Logged in to project, explore it here https://c.app.hopsworks.ai:443/p/3348
Connected. Call `.close()` to terminate connection gracefully.


In [30]:
citibike_usage_fg = fs.get_or_create_feature_group(
    name="citibike_usage",
    version=1
)

In [31]:
citibike_stations_info_fg = fs.get_or_create_feature_group(
    name="citibike_stations_info",
    version=1
)

In [32]:
us_holidays_fg = fs.get_or_create_feature_group(
    name="us_holidays",
    version=1
)

In [33]:
meteorological_measurements_fg = fs.get_or_create_feature_group(
    name="meteorological_measurements",
    version=1
)

---

## <span style="color:#ff5f27;"> 🖍 Feature View Creation and Retrieving </span>

Let's start by selecting all the features you want to include for model training/inference.

In [34]:
# Select features for training data.
query = meteorological_measurements_fg.select_except(["timestamp"])\
                                      .join(
                                            us_holidays_fg.select_except(["timestamp"]),
                                            on="date", join_type="left"
                                      )\
                                      .join(
                                          citibike_usage_fg.select_except(["timestamp"]),
                                          on="date", join_type="left"
                                      )

In [35]:
# uncomment and run cell below if you want to see some rows from this query
# but you will have to wait some time

# query.show(5)

`Feature Views` stands between **Feature Groups** and **Training Dataset**. Сombining **Feature Groups** we can create **Feature Views** which store a metadata of our data.
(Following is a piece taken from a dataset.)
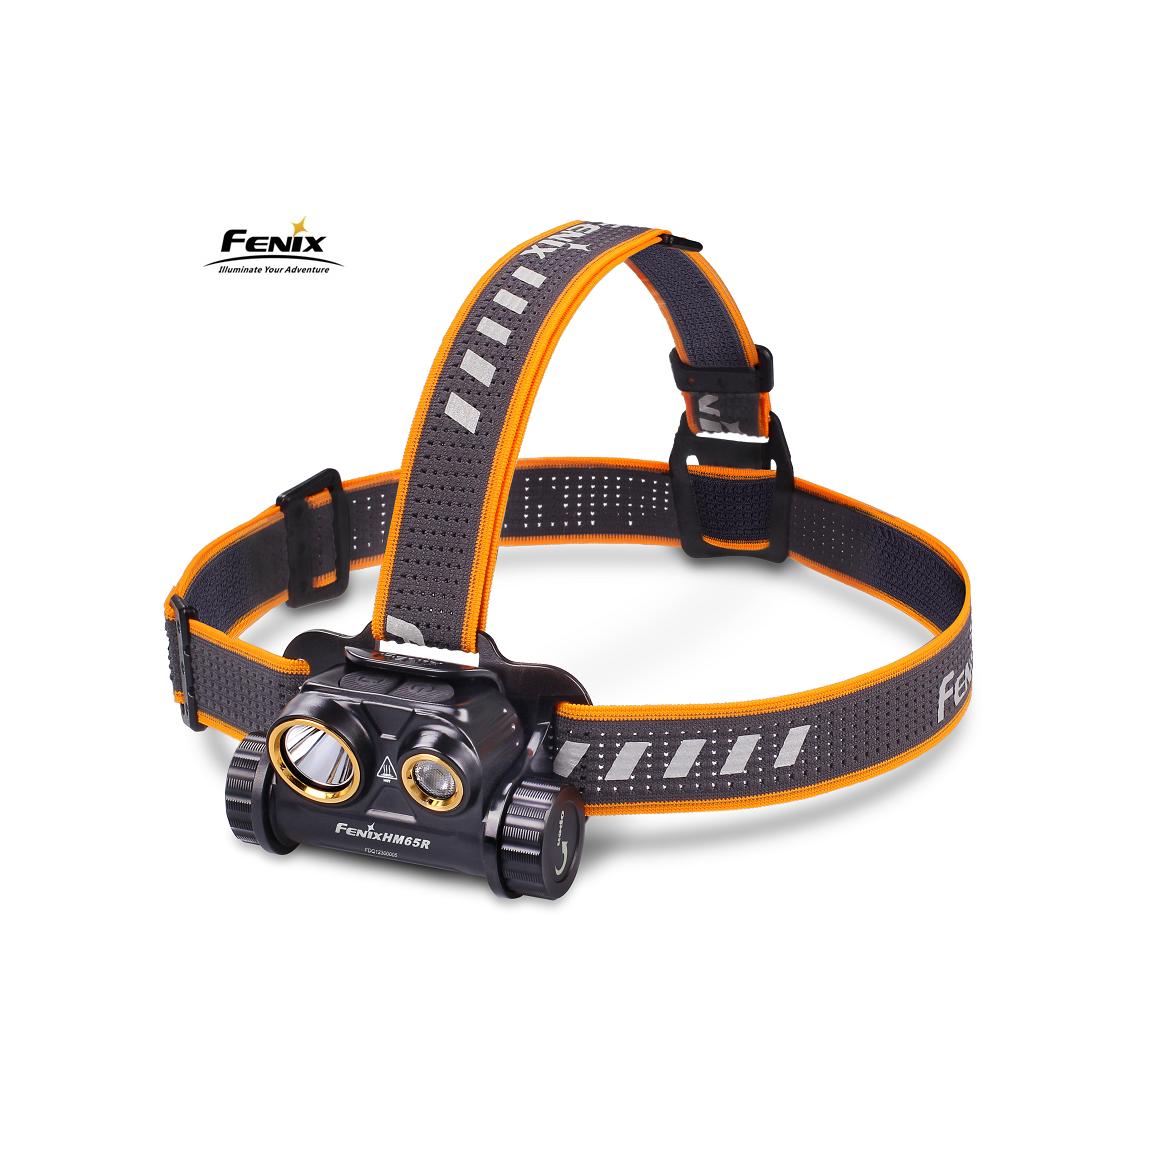 Fenix HM65R Stirnlampe 1000 Lumen aufladbar inkl. 3500mAh Akku u. USB-Ladekabel

Having **Feature Views** we can create **Training Dataset**.

The Feature Views allows schema in form of a query with filters, define a model target feature/label and additional transformation functions.

In order to create Feature View we can use `FeatureStore.get_or_create_feature_view()` method.

We can specify next parameters:

- `name` - name of a feature group.

- `version` - version of a feature group.

- `labels`- our target variable.

- `transformation_functions` - functions to transform our features.

- `query` - query object with data.

In [40]:
feature_view = fs.create_feature_view(
    name='citibike_feature_view',
    query=query,
    labels=["users_count"],
    version=1    
)

Feature view created successfully, explore it at 
https://c.app.hopsworks.ai:443/p/3348/fs/3295/fv/citibike_feature_view/version/1


In [41]:
feature_view

<hsfs.feature_view.FeatureView at 0x1fd67d7e9d0>

For now this `Feature View` is saved in Hopsworks and we can retrieve it using the same method.

In [44]:
feature_view = fs.get_feature_view(
    name='citibike_feature_view',
    version=1    
)

In [45]:
feature_view

<hsfs.feature_view.FeatureView at 0x1fd6718b760>

---

## <span style="color:#ff5f27;"> 🏋️ Training Dataset Creation</span>

In Hopsworks training data is a query where the projection (set of features) is determined by the parent FeatureView with an optional snapshot on disk of the data returned by the query.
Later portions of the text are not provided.